The majority of infections caused by Cellulitis are caused by the streptococcus (streptococcus) or by staphylococcus (staphylococcus). The most common bacteria that cause Cellulitis are beta-haemolytic streptococci (groups A, B, C, G and F). One form of the disease which is rather superficial, and is caused by strep is called erysipelas, and is characterized by widespread inflammation, from bright red color of the affected skin. Erysipelas is common in young children. The so-called flesh-eating bacteria are a strain of strep that can sometimes rapidly destroy the tissues under the skin. Staphylococcus (Staphylococcus aureus), including methicillin-resistant strain (MRSA), is another common type of bacterium that causes Cellulitis, which however, can be caused by many other types of bacteria. Children under 6 years of age can develop the disease especially on the face, arms and upper torso. Cellulitis caused by a bite of a dog or cat or a scratch can be caused by the bacterium Pasteurella multocida, which has a very short period of incubation; about 24 hours. The hydrophilic Aeromonas, Vibrio vulnificus, and other bacteria may cause cellulitis to develop after exposure to fresh water or sea water. Pseudomonas aeruginosa is another type of bacterium that can cause Cellulitis, usually after a puncture. Cellulitis is not contagious, because it is an infection of the deeper layers of skin (the dermis and subcutaneous tissue) and the top layer of skin (epidermis) provides a cover over the infection. Also in this case, Cellulitis is a very superficial skin infection that can be contagious.

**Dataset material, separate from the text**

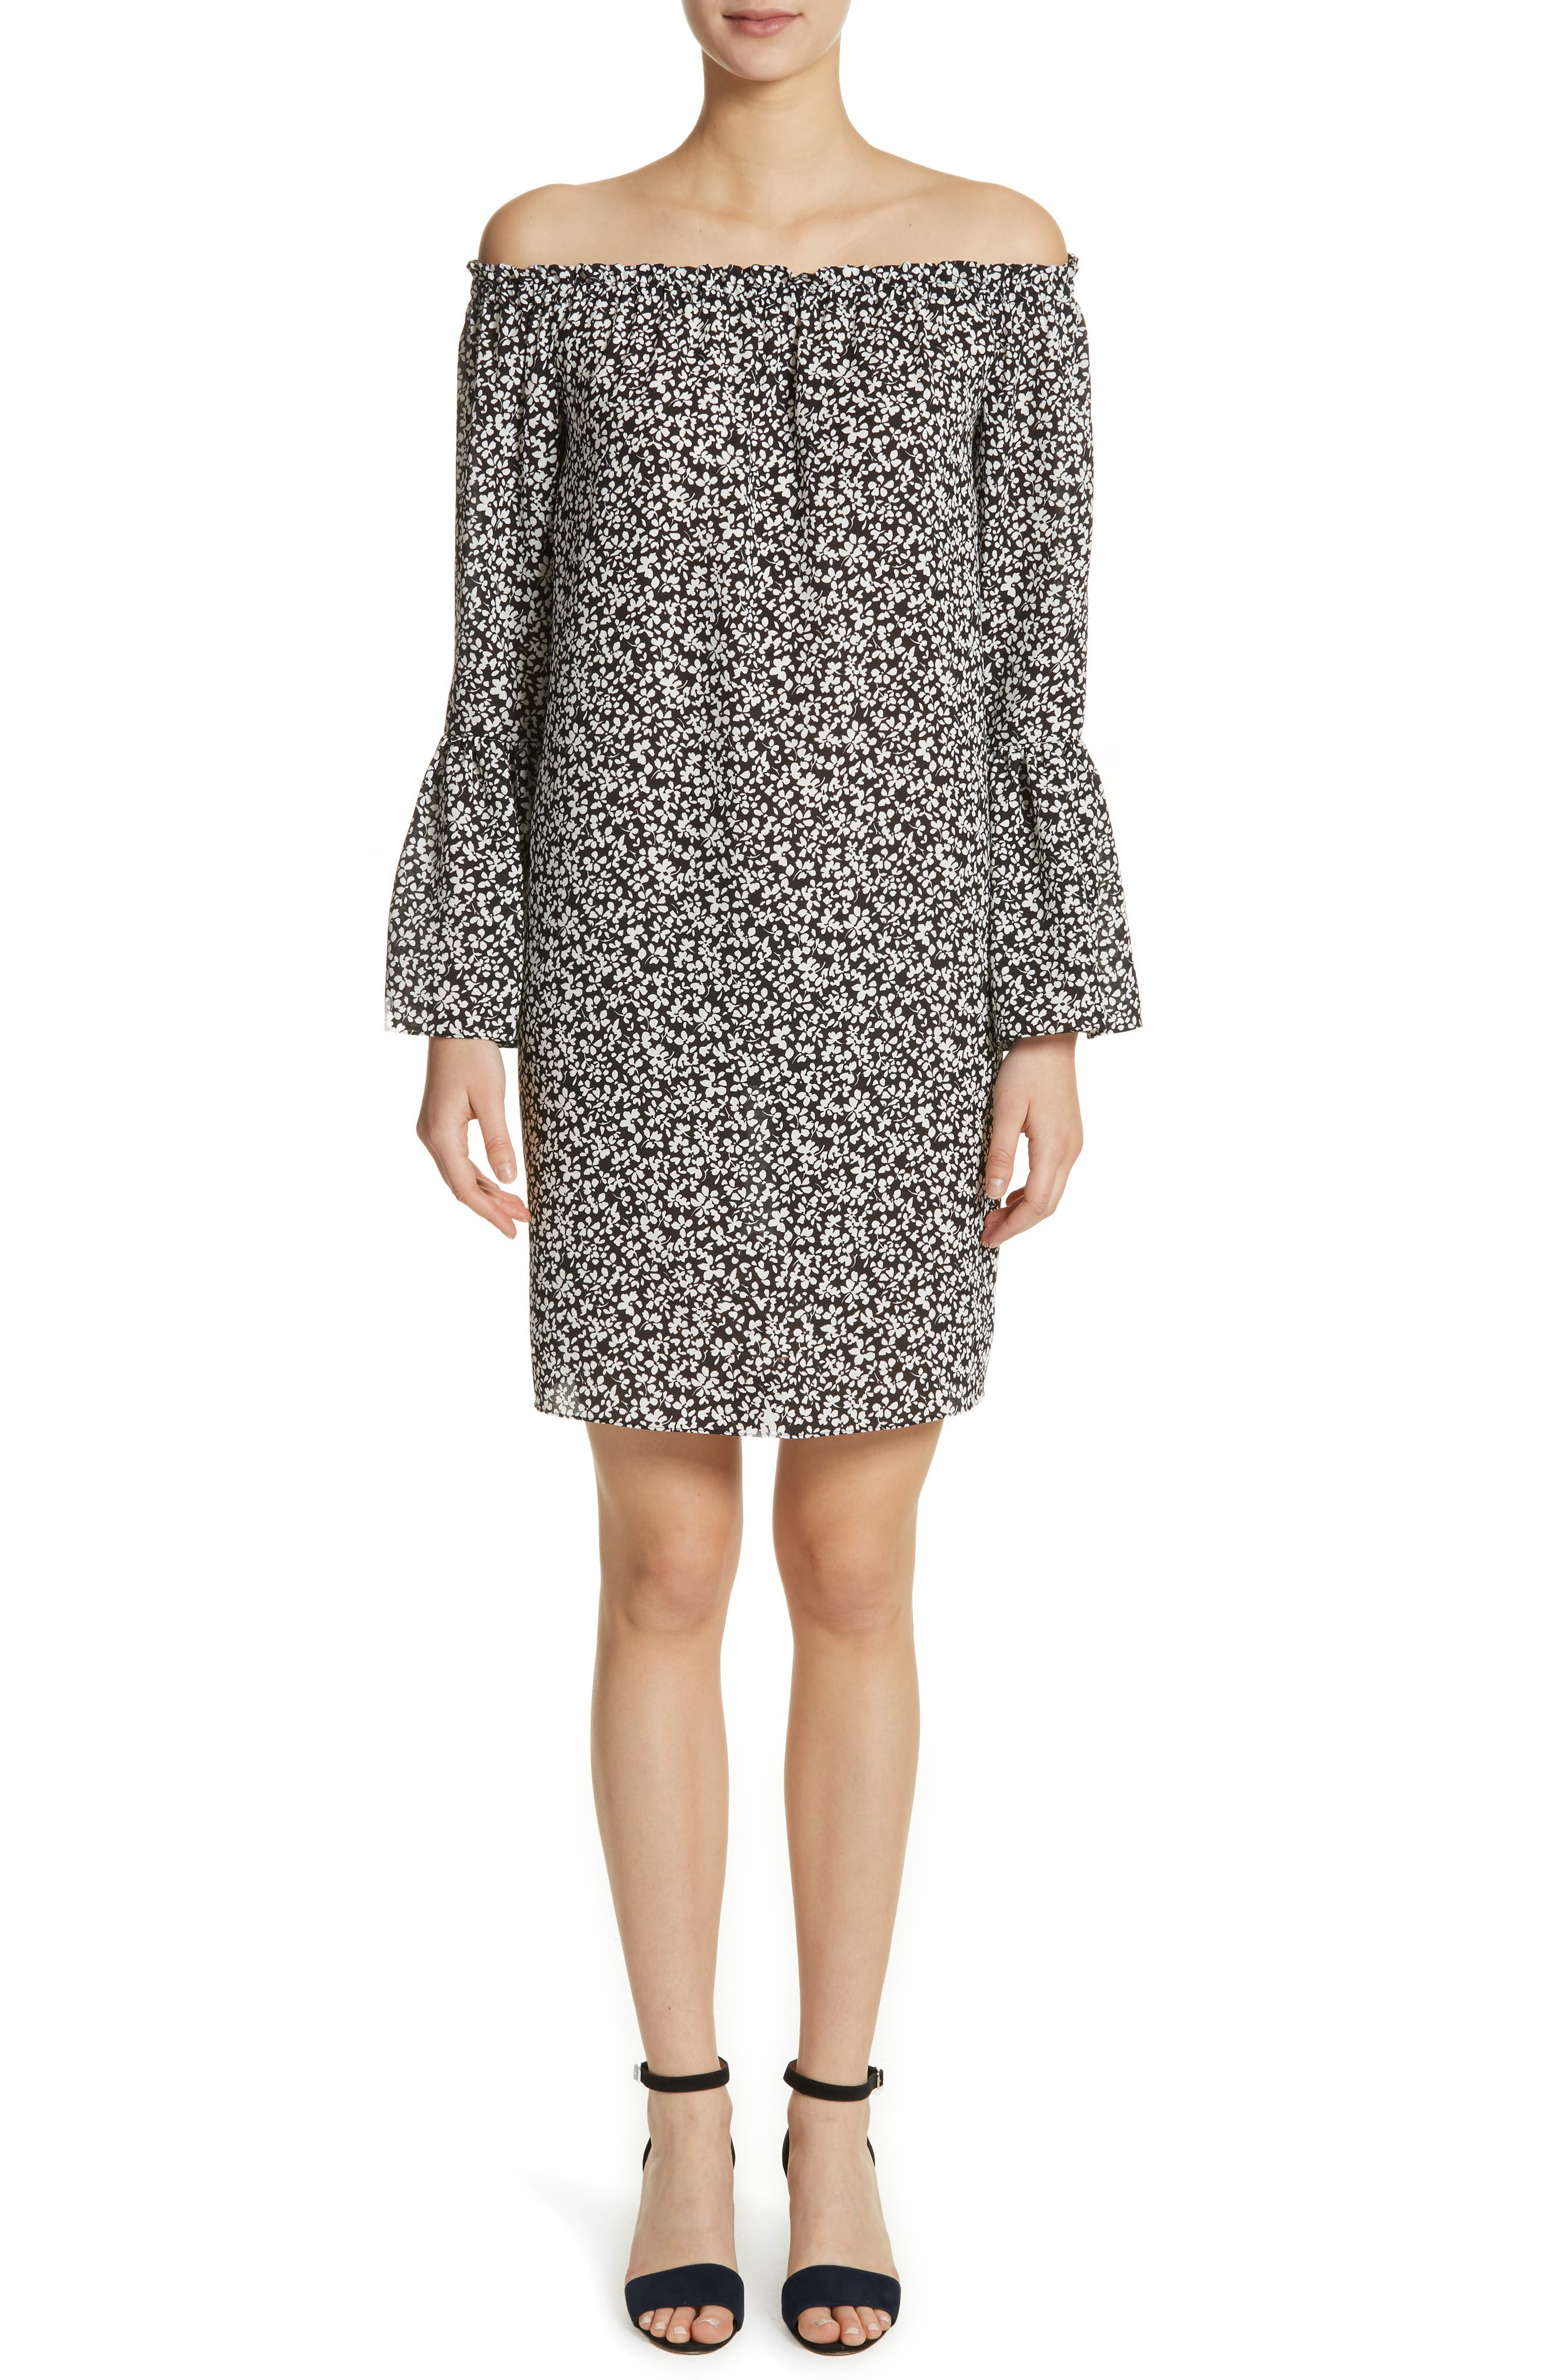 Alternate Image 1 Selected - Michael Kors Print Silk Off the Shoulder Dress
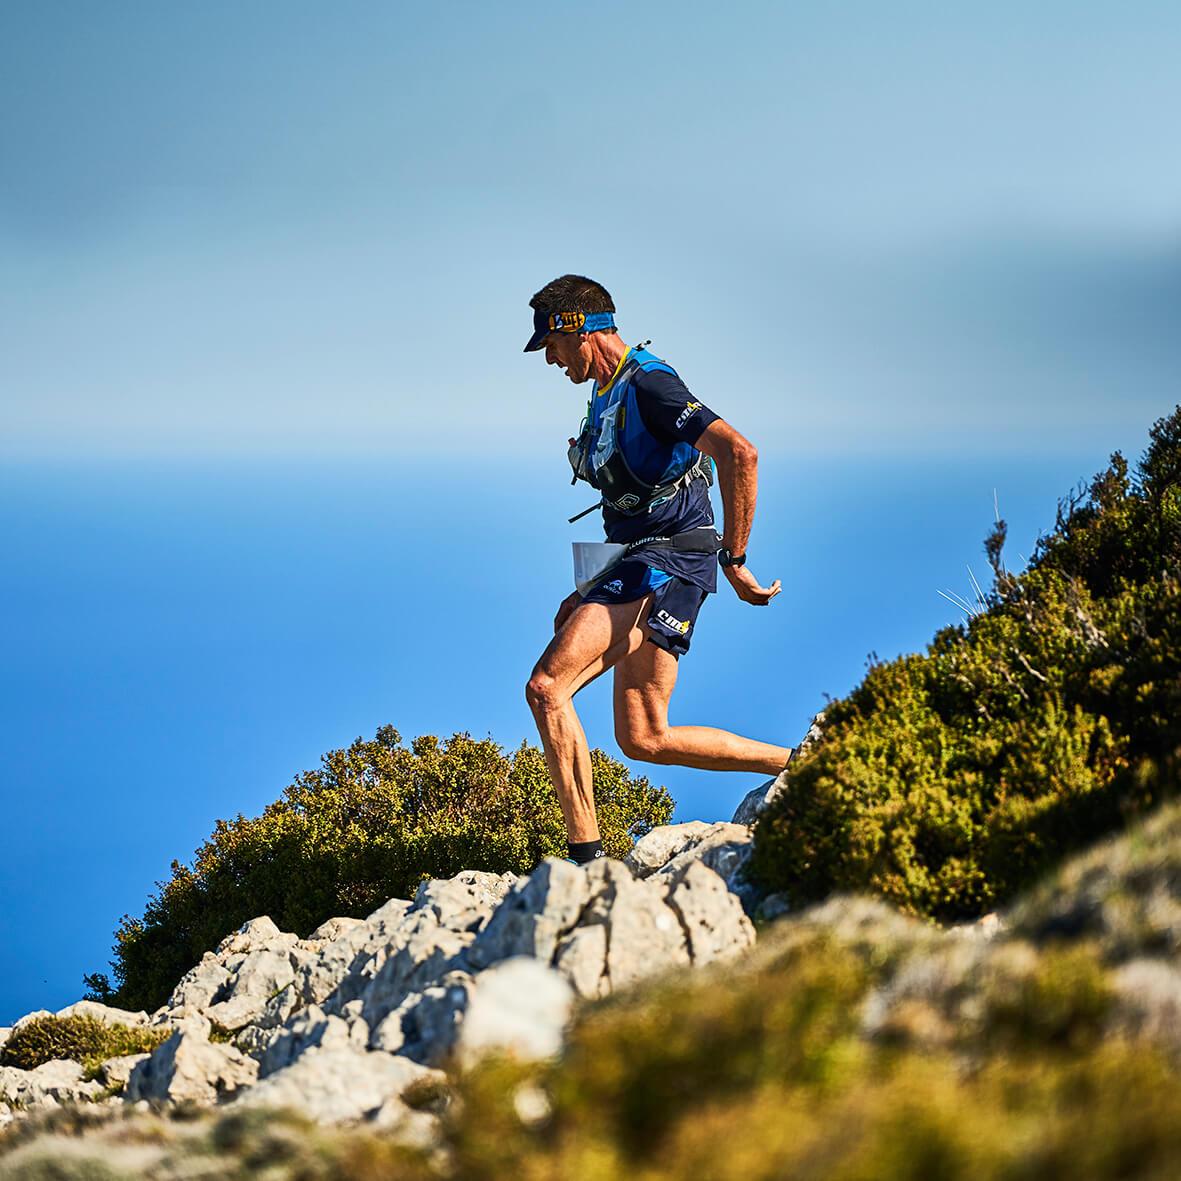 galatzo trail, Half Marathon Magaluf, la mejor Media maratón en Mallorca, Half Marathon Magaluf, the best half distance marathon in Mallorca

How is cellulite controlled?

In the first place, it is essential for the physician to distinguish if the inflammation is caused by an infection. Physical examination and analysis of the patient's medical history may provide clues in this regard. A bacterial can help in the identification of the disease, even if, in many cases of cellulitis, the concentration of bacteria may be low and the cultures fail to demonstrate the cause infection. When it is difficult or impossible to distinguish whether the inflammation is due to an infection, doctors sometimes decide to take antibiotics as a precaution. If the situation does not improve, then it might be necessary to adopt other methods. For example, if the inflammation is thought to be caused by an autoimmune disease, treatment may include the use of a corticosteroid. Antibiotics are used for the treatment of Cellulitis. If antibiotics are seen to be resistant, they may be replaced with another type of antibiotics that is most appropriate. In many cases, the treatment involves the administration of intravenous antibiotics in the hospital setting, as those to be taken orally can not always give a total efficiency. In some cases, intravenous antibiotics may also be administered at home. The doctors however, may choose a treatment based on many factors, including the location and extent of the infection, the type of bacteria causing the infection and the general state of health of the patient.